The acoustic detectors (detection.md) find fillers by reading the RMS energy envelope and spectral centroid. afftdn smooths exactly those features, so detecting on denoised audio misses real fillers — that's the cost of pre. But splicing the original leaves a noticeable noise-floor jump at each seam. hybrid gets both: it detects on the pristine original (so the detectors see every cue) but cuts from the denoised copy (so the splices are clean). The detector timestamps line up because denoising doesn't move audio in time — it only attenuates noise.

post is the alternative when you'd rather not denoise the kept speech at all until the end (it renders from the original, then denoises the whole output as one pass — cli.py:452–460, writing through an intermediate raw file).

Room tone: a uniform floor under everything

Finding the sample (audio.py:find_quiet_region)

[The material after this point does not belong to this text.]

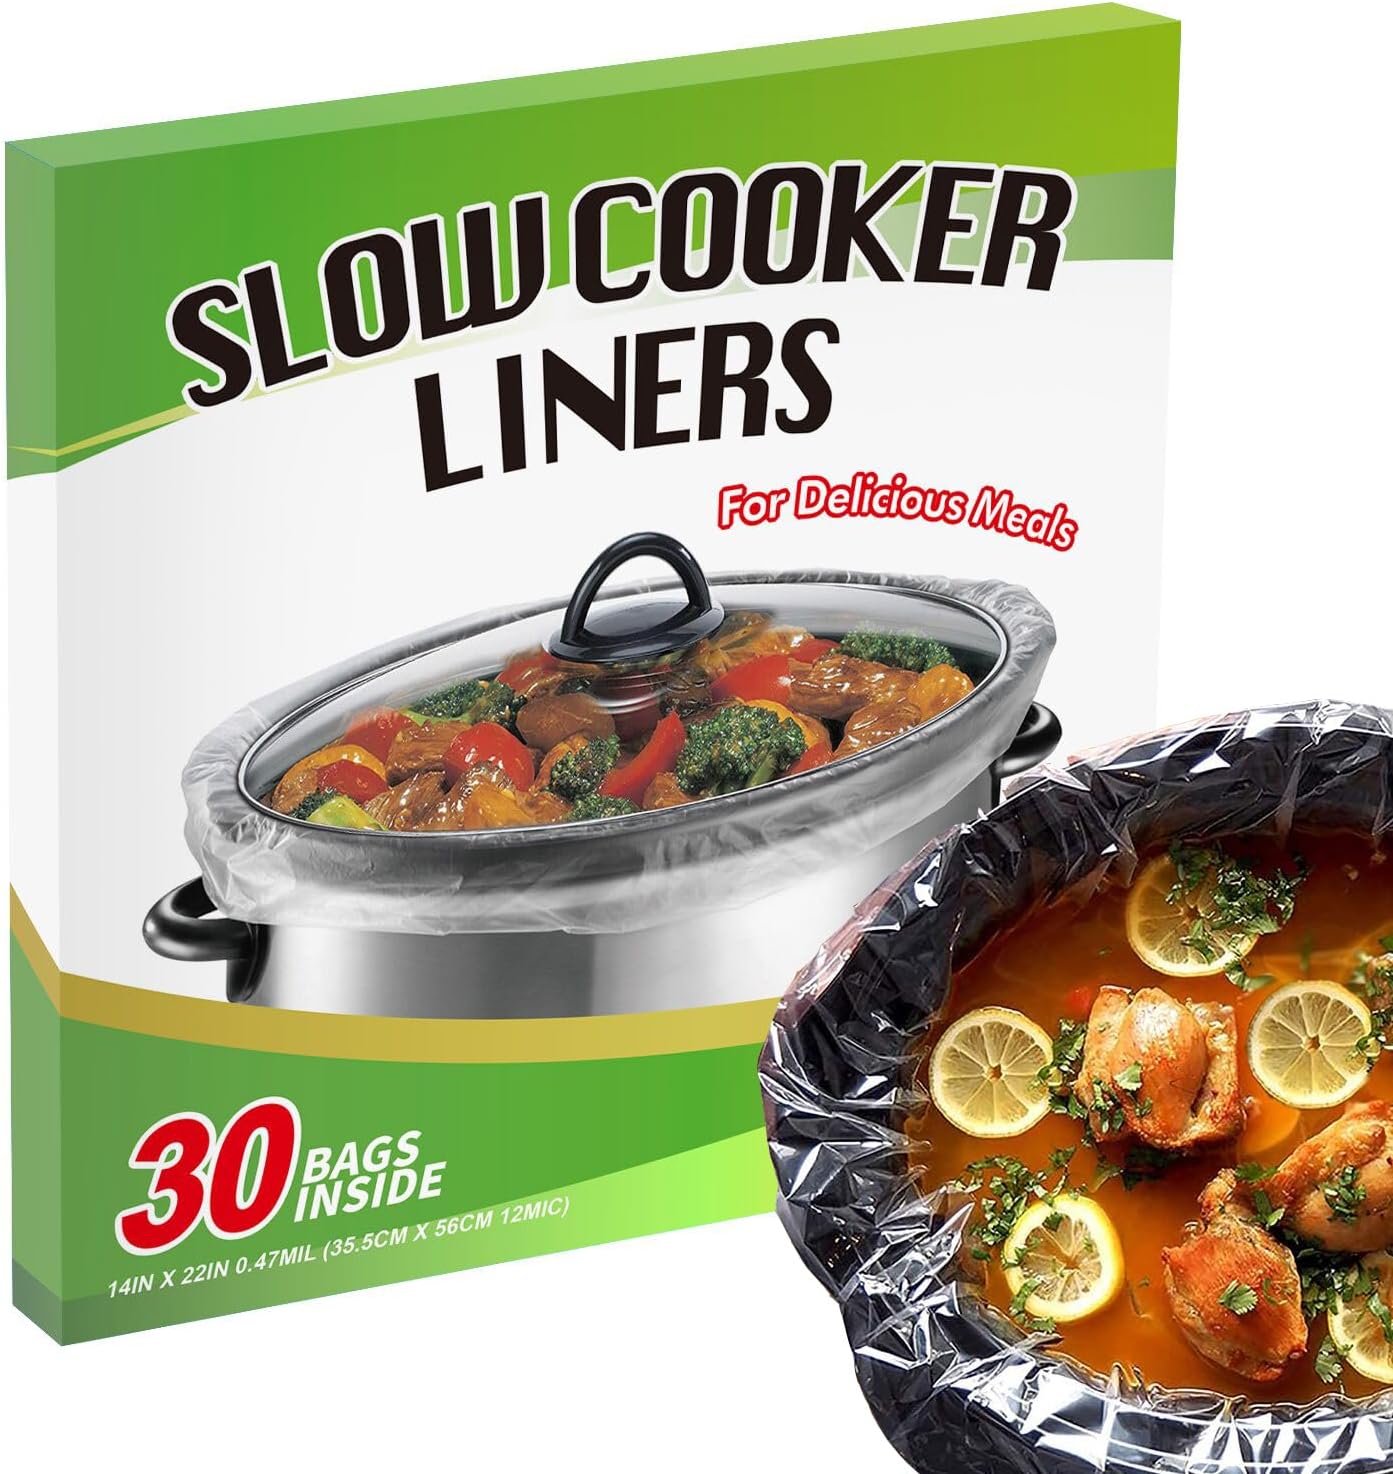 Slow Cooker Liners (40 Liners), 13 × 21 Pot Liners Fit 3-8 Quarts, Disposable Cooking Bags Suitable for Oval  Round Pot, BPA Free (13 × 21)

Room tone is a short loop of the recording's own background noise. The cleanest source is the pre-roll — the gap before the first transcribed word, which has no speaker activity. find_quiet_region (audio.py:20) builds two candidates (pre-roll, then post-roll after the last word), trims 50 ms off each edge to avoid clipping speech, and returns the first that yields a window of at least min_length_s (0.4 s), capped at max_length_s (1.5 s). If neither is long enough it returns None and the CLI skips the overlay with a notice (cli.py:469–471).

--room-tone-source overrides auto with an explicit START-END seconds spec (_parse_room_tone_source, cli.py:180), which rejects negative and non-increasing ranges so a typo fails cleanly instead of confusing ffmpeg later.

The overlay (ffmpeg_ops.py:overlay_room_tone)

The sample is looped indefinitely (-stream_loop -1), attenuated by --room-tone-level-db (−12 dB; −12 to −20 is usually right), and mixed under the audio with amix=inputs=2:duration=first so the output length matches the main audio exactly — the tone is truncated, never extends it (ffmpeg_ops.py:85).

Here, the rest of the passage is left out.